Give again, word for word, the line holding "Juventus Tote Bag" and every line after it through the end of the data below. Omit pictures.

[Data shown]
------------------------------

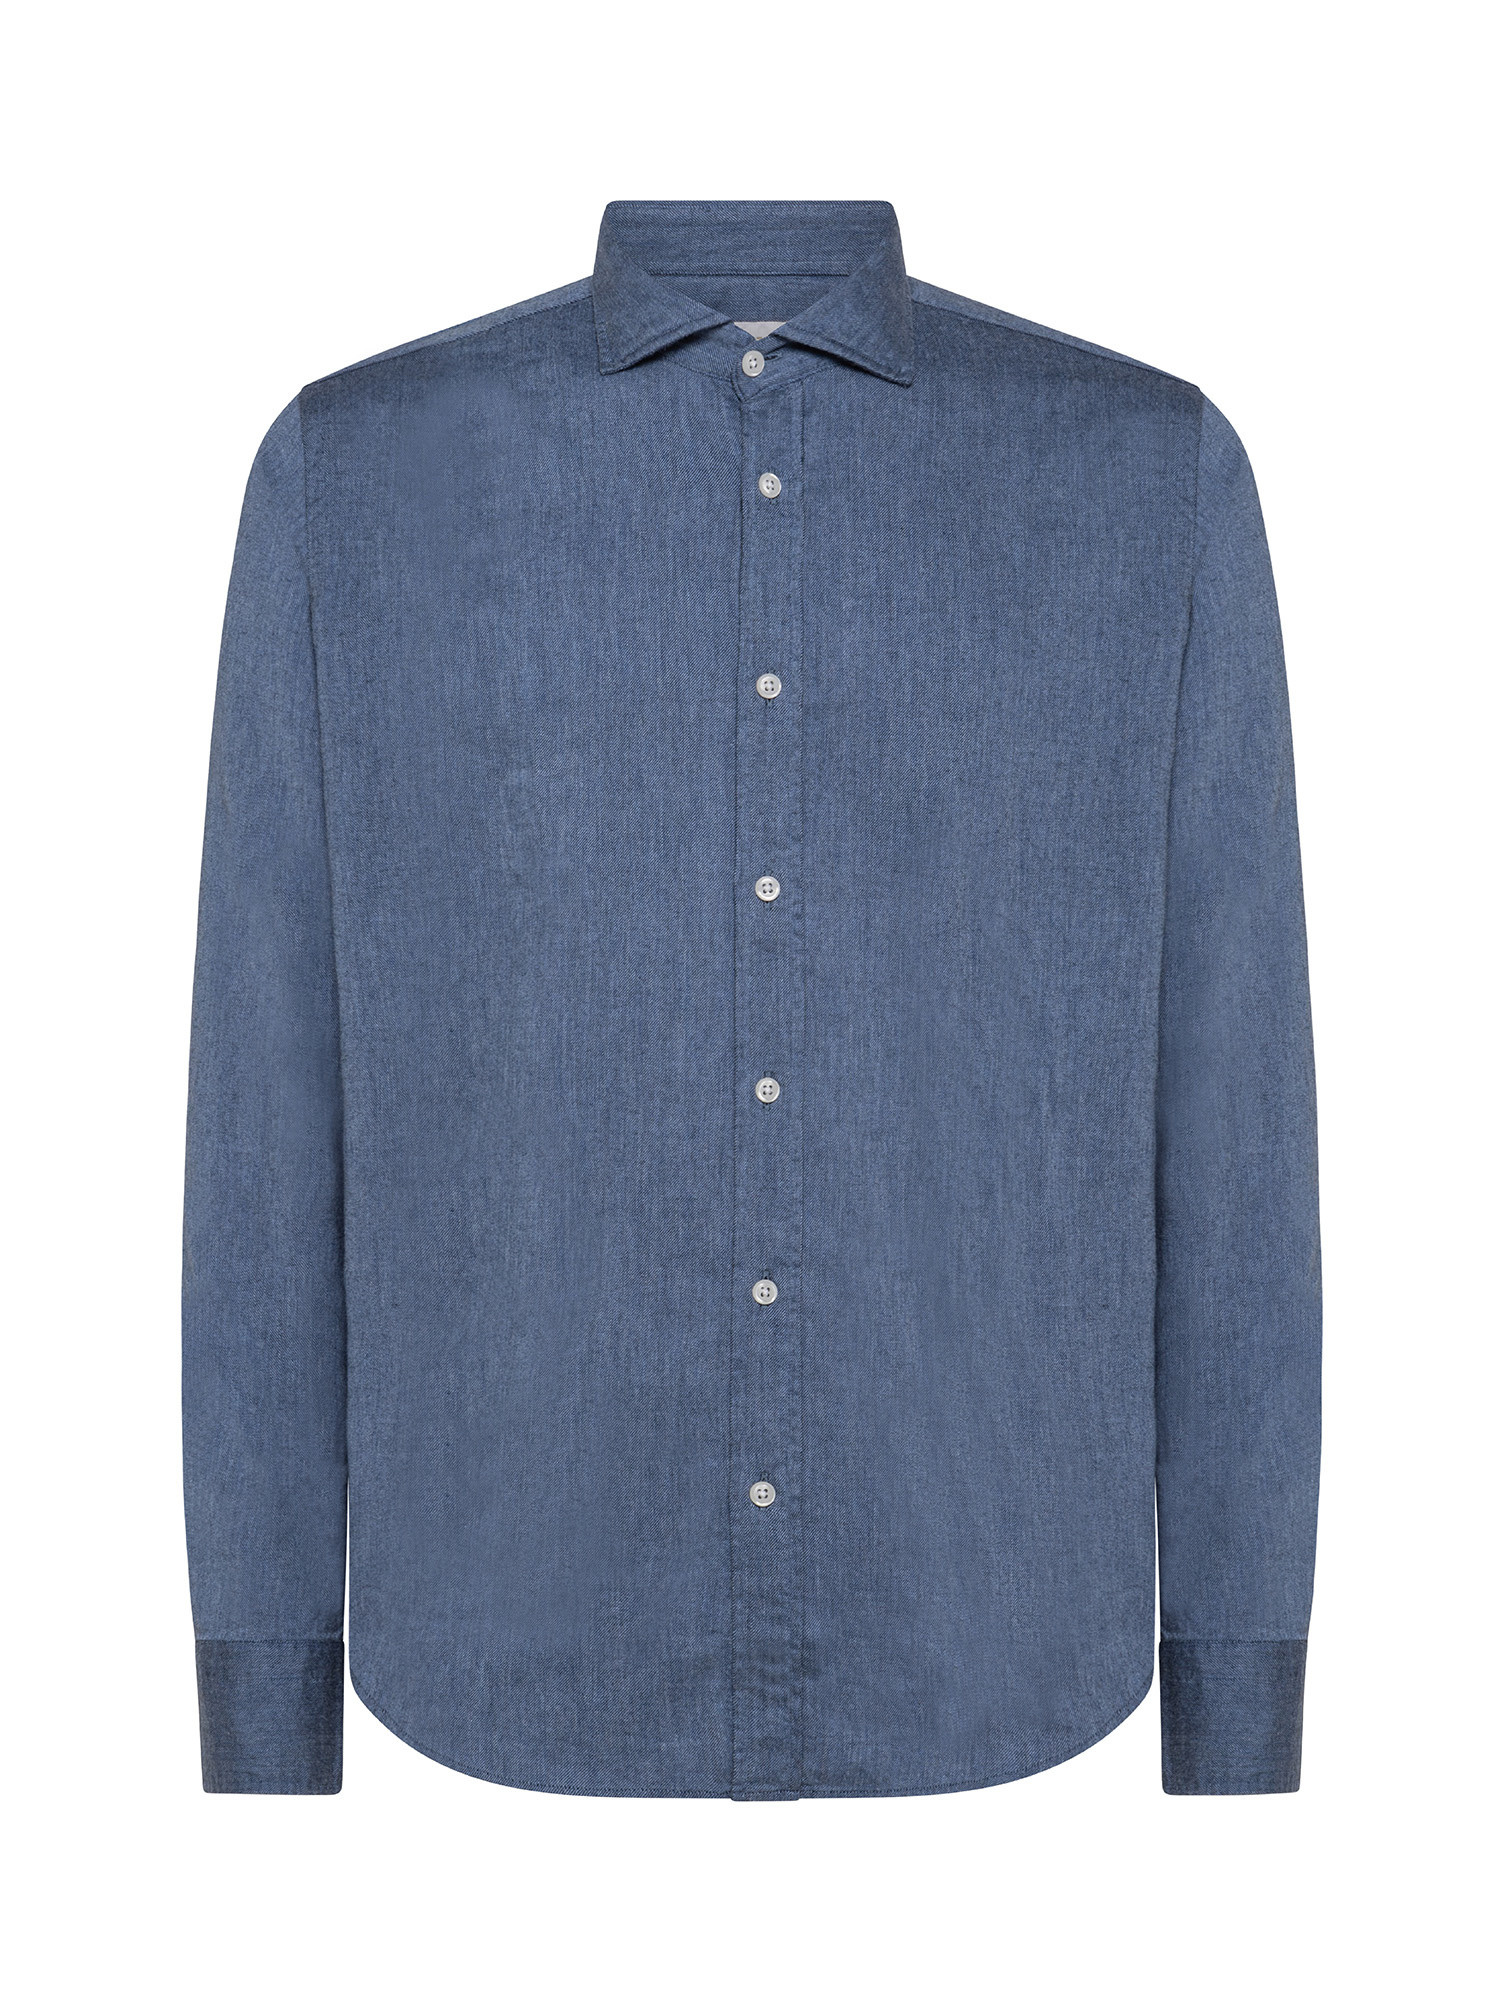 Camicia tailor fit in morbida flanella di cotone organico, Blu, large image number 0
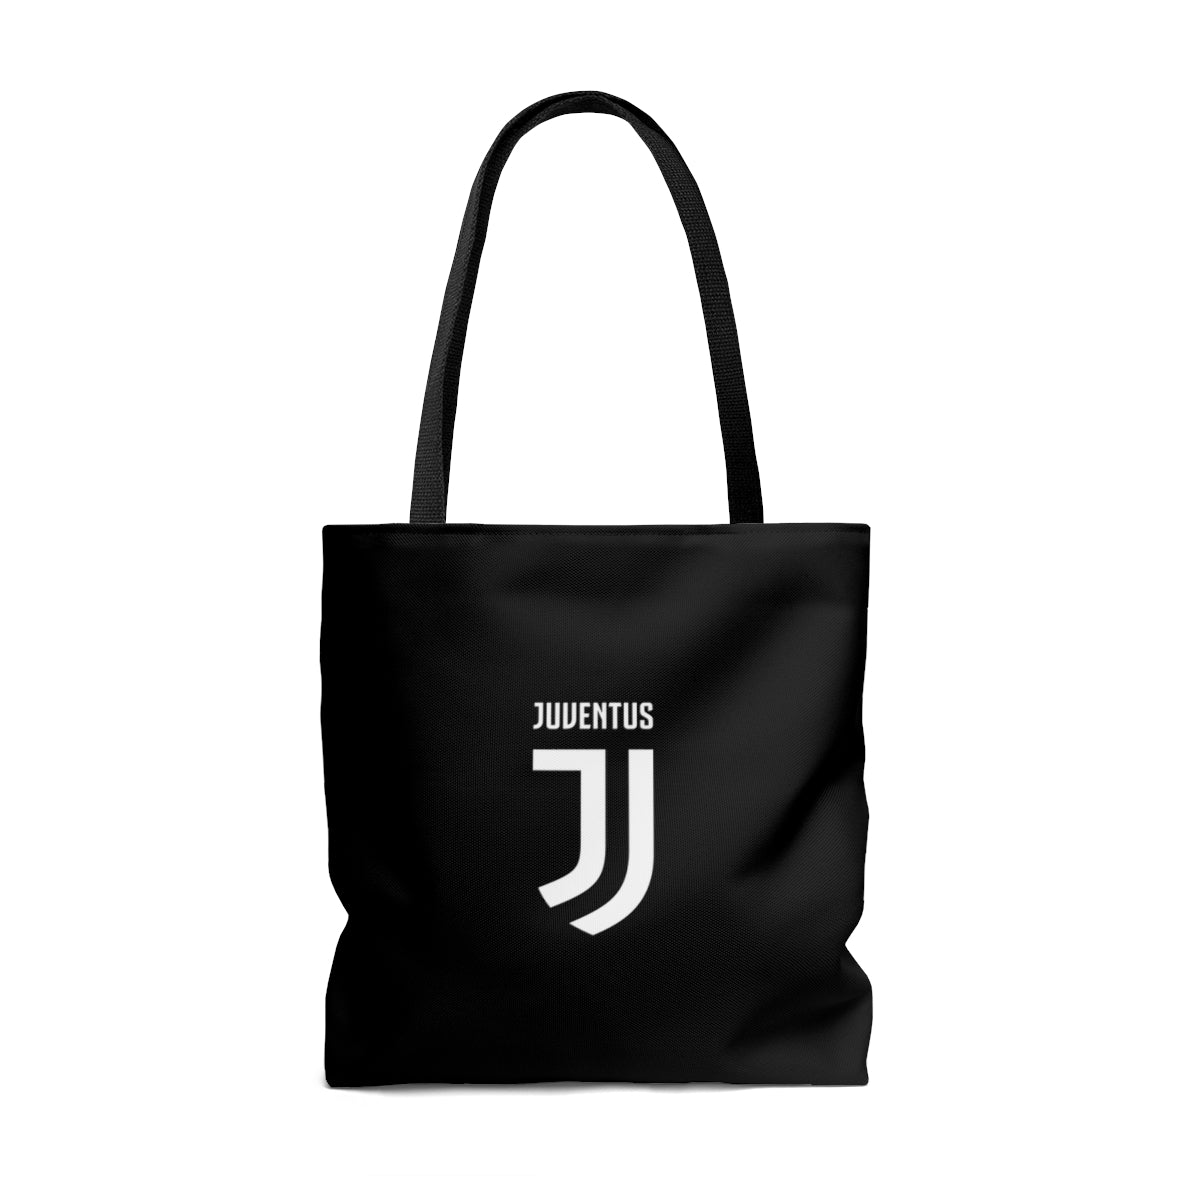 Juventus Tote Bag
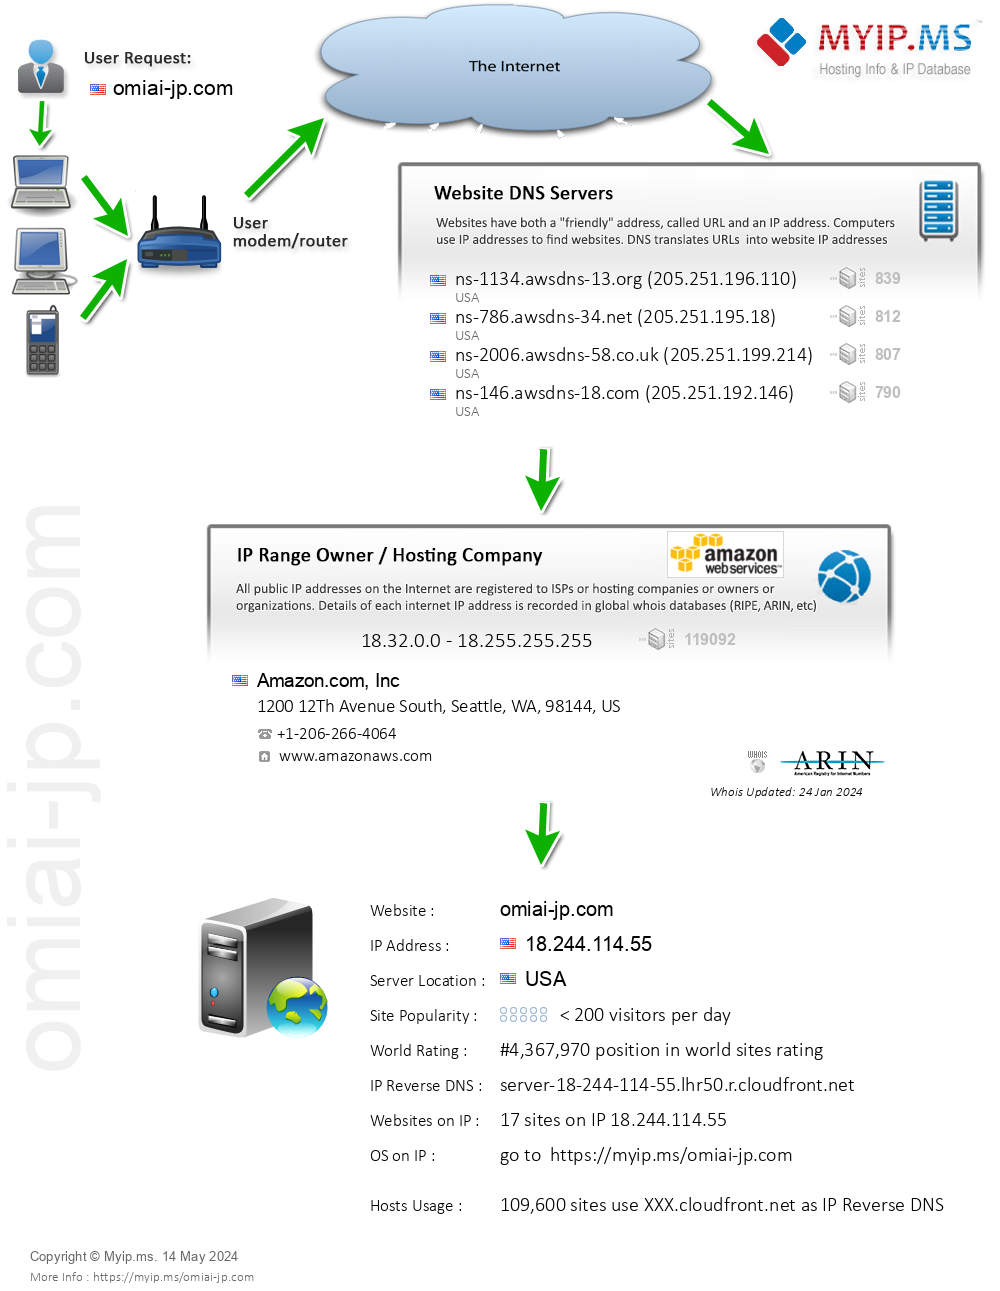 Omiai-jp.com - Website Hosting Visual IP Diagram

------------------------------

[Written response]
 Juventus Tote Bag
 Omiai-jp.com - Website Hosting Visual IP Diagram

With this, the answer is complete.